Barboursville Vineyards
For non-Americans reading this whose US geography is about as good as mine, the state of Virginia is on the east coast surrounded by, to the north, Maryland and D.C (Washington isn't far from vineyards in the far northeastern corner), North Carolina and Tennessee to the south and Kentucky and West Virginia to the, erm, west! There's some wine-growing history here, as apparently the first vines were planted back in the early 17th Century. That slightly famous Virginian enophile Thomas Jefferson farmed European grape varieties here as part of his various adventures in all things vines and vino (although he didn't actually make any wine I'm told), although it was wines made from native American varieties that took off in the 19th Century. After a long period of decline (Prohibition and all that), a handful of new wineries were set up in the 1970s; nowadays there are 220, and the industry is still growing placing Virginia just into the US top-five of wine producing states. Putting it in context though, total vineyard surface area comes to about 3000 acres or 1200 hectares, which is minuscule compared to e.g. California's half a million (200,000 ha).

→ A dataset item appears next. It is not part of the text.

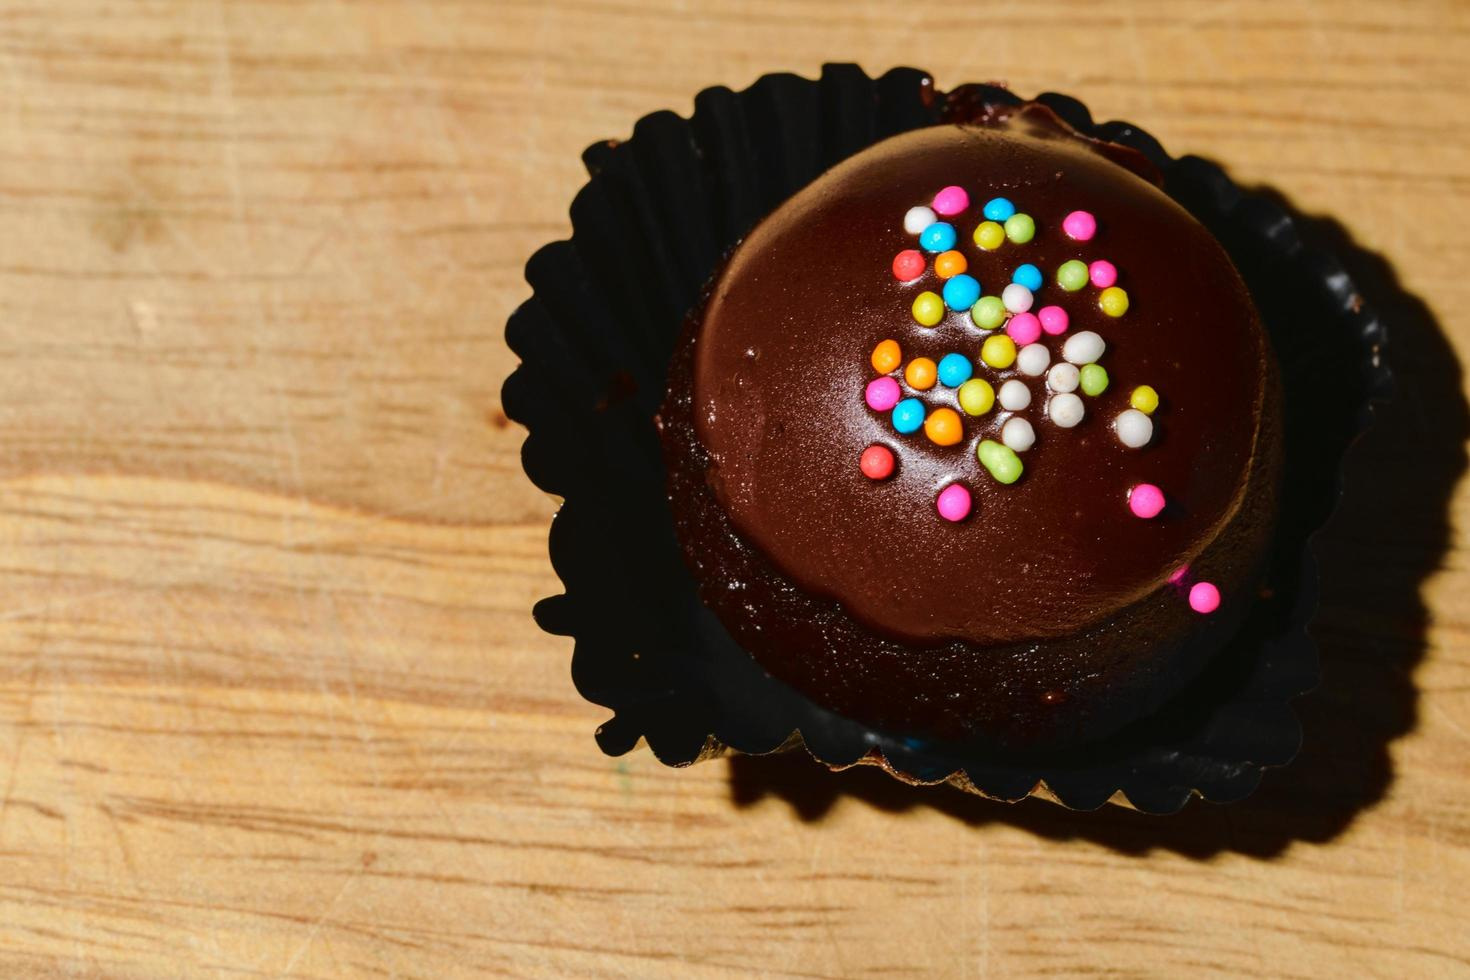 chocolat, tasse, gâteaux, gros plan photo

My key to grape varieties featured in the wines and wineries below is: Merlot = M, Cabernet Franc = CF, Cabernet Sauvignon = CS, Petit Verdot = PV, Viognier = V, Malbec = Mc, Nebbiolo = N (link goes to my archive Italy page including a couple of Virginian/other American/Australian Nebbiolos buried in a huge Barolo report), Petit Manseng = PM (that marvellous white variety from Gascony, southwest France), Pinot Gris = PG, Chardonnay = Ch, Traminette = Tr (cross of the hybrid Seyve and Gewurztraminer according to wikipedia). These are listed in brackets in descending order, i.e. the first one is the lead variety in the blend or varietal (doh!). Other grapes planted in Virginia include Albarino, Barbera, Chambourcin, Norton, Pinot Noir, Riesling, Rkatsiteli (?!), Sangiovese, Sauvignon Blanc, Seyval Blanc, Syrah, Tannat, Touriga and Vidal Blanc. So, they've got the whole wine world covered there then!

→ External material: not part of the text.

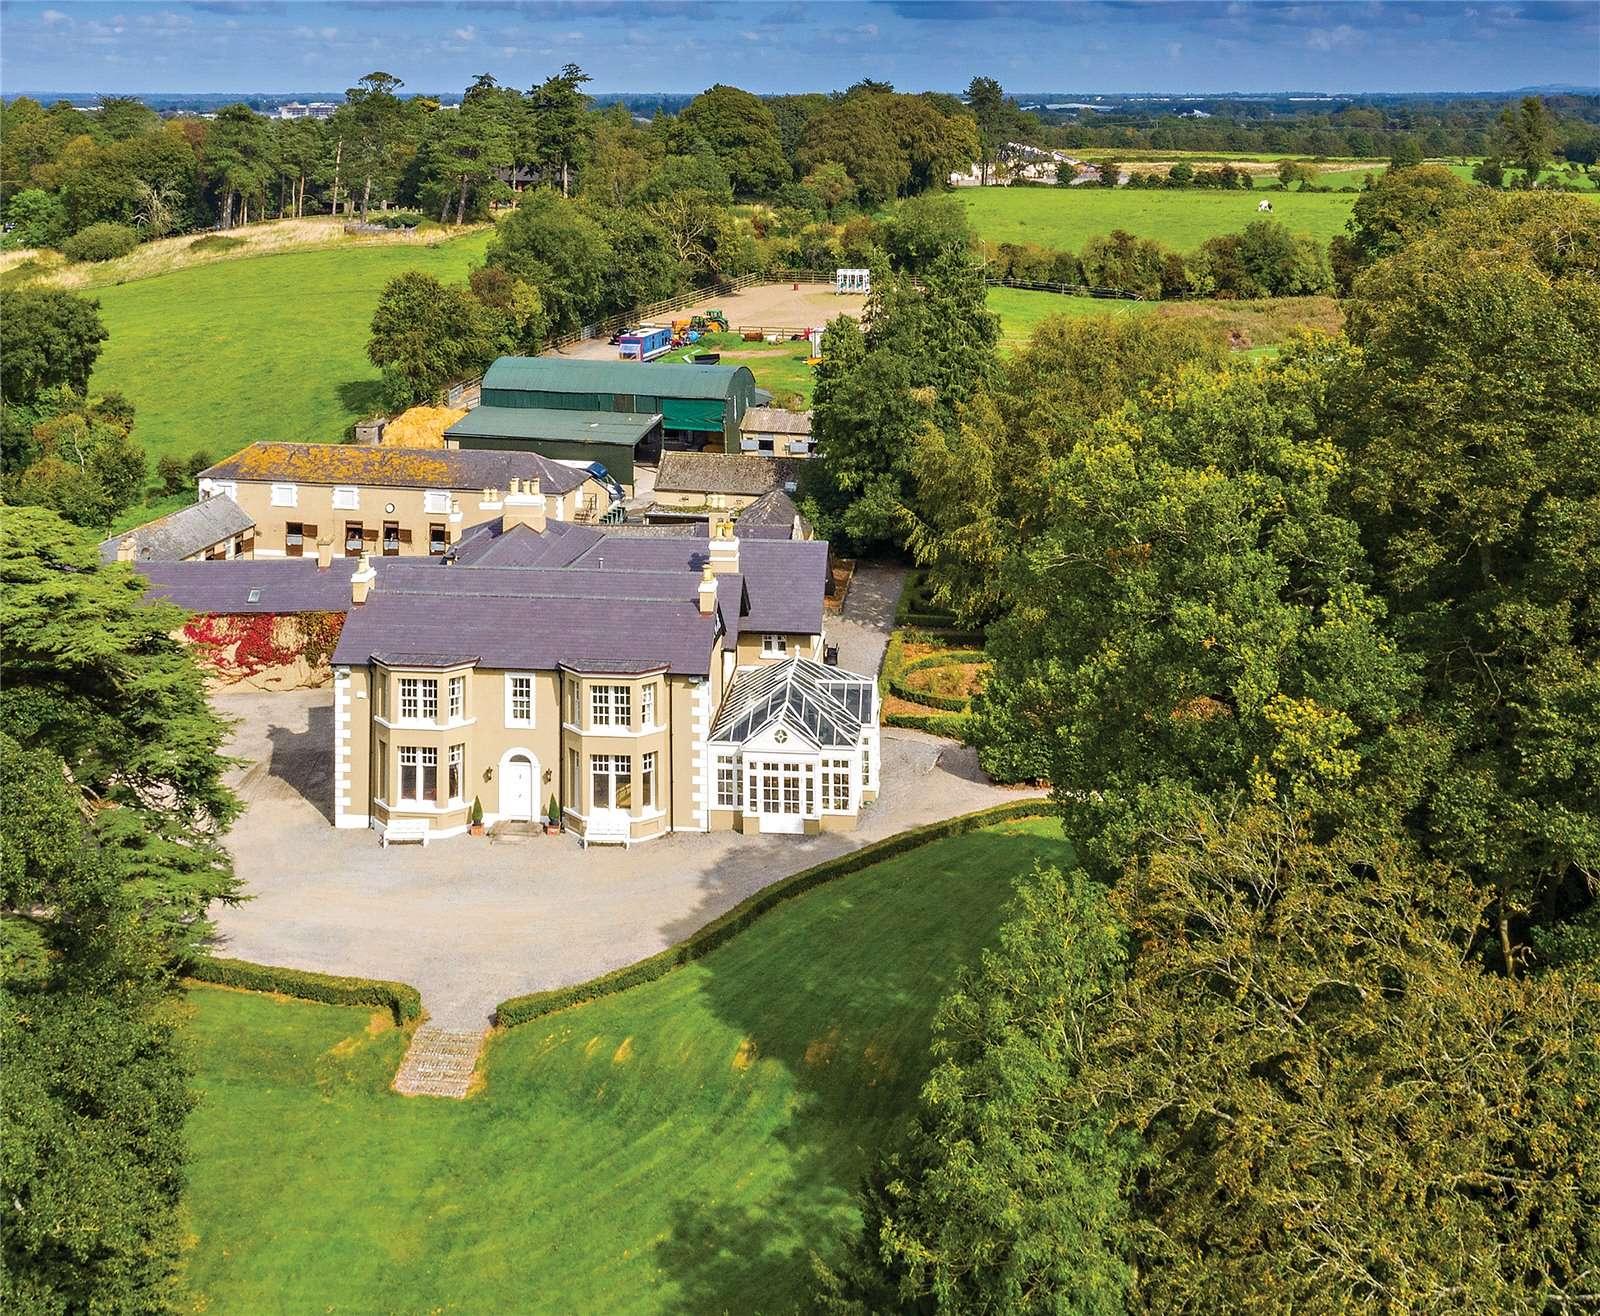 Beech Tree House, The Curragh, Co Kildare, R56 - Savills

Half-a-dozen AVAs (American Viticultural Areas) have been mapped out in Virginia based on the different terrain and climate zones: Eastern Shore, Monticello (where Jefferson had winemaking pretensions), North Fork of Roanoke, the splendidly named George Washington Birthplace and Rocky Knob, and Shenandoah Valley. More info about all this on www.VirginiaWine.org, where you can download their 2012 Winery Guide (and where I copied the photos used on this page). They seem very geared up for wine tourism, with various wine trails and organised tours and wineries with restaurants and accommodation. It's certainly a pretty state to visit boasting lovely rolling countryside, mountainous areas (you probably remember that irritating song by Laurel & Hardy about the Blue Ridge Mountains!), and historic cities such as Richmond and Charlottesville or coastal resorts like Virginia Beach. The climate is obviously Atlantic influenced (less so inland), although summers can be hot and humid; humidity is cited as the main problem for grape-growing here (can allow mildew to flourish and cause rot).

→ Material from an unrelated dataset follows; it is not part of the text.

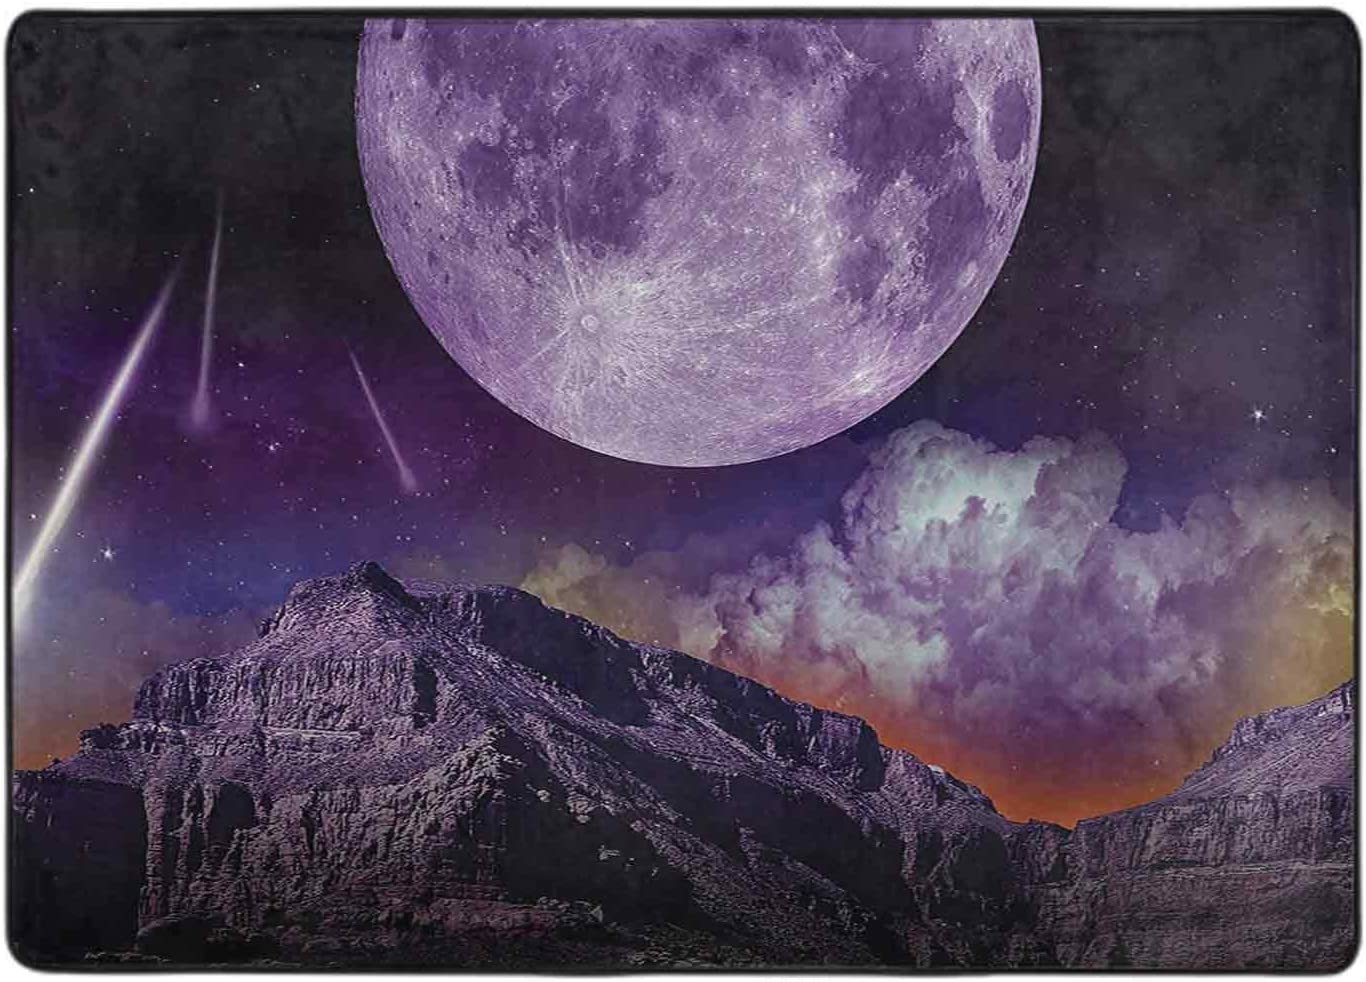 Area Rug Bedroom Fantasy SEAL limited product Dark Night Cosmos New popularity Earth in Plan Galaxy

The eight wineries showcasing at the London Wine Trade Fair last month had a fair few bottles of Viognier to try, which is becoming one of the most popular white varieties. And you can see why, as they appear to be coaxing generally impressive, expressive yet quite refined wines out of this can't-just-plonk-it-anywhere grape. Petit Verdot, which struggles to impress in Bordeaux's vineyards unless they have very favourable vintage conditions, also looks promising in Virginia; even managing to make some good varietal wines from it, which they'd never attempt to do in Bordeaux. Same goes for Cabernet Franc perhaps. And I think Nebbiolo is another potential star; there were only two (very different styles to say the least, see below...) on tasting from Breaux Vineyards, but Barboursville makes a good one too (look at the bottom of that Nebbiolo/Barolo feature mentioned above).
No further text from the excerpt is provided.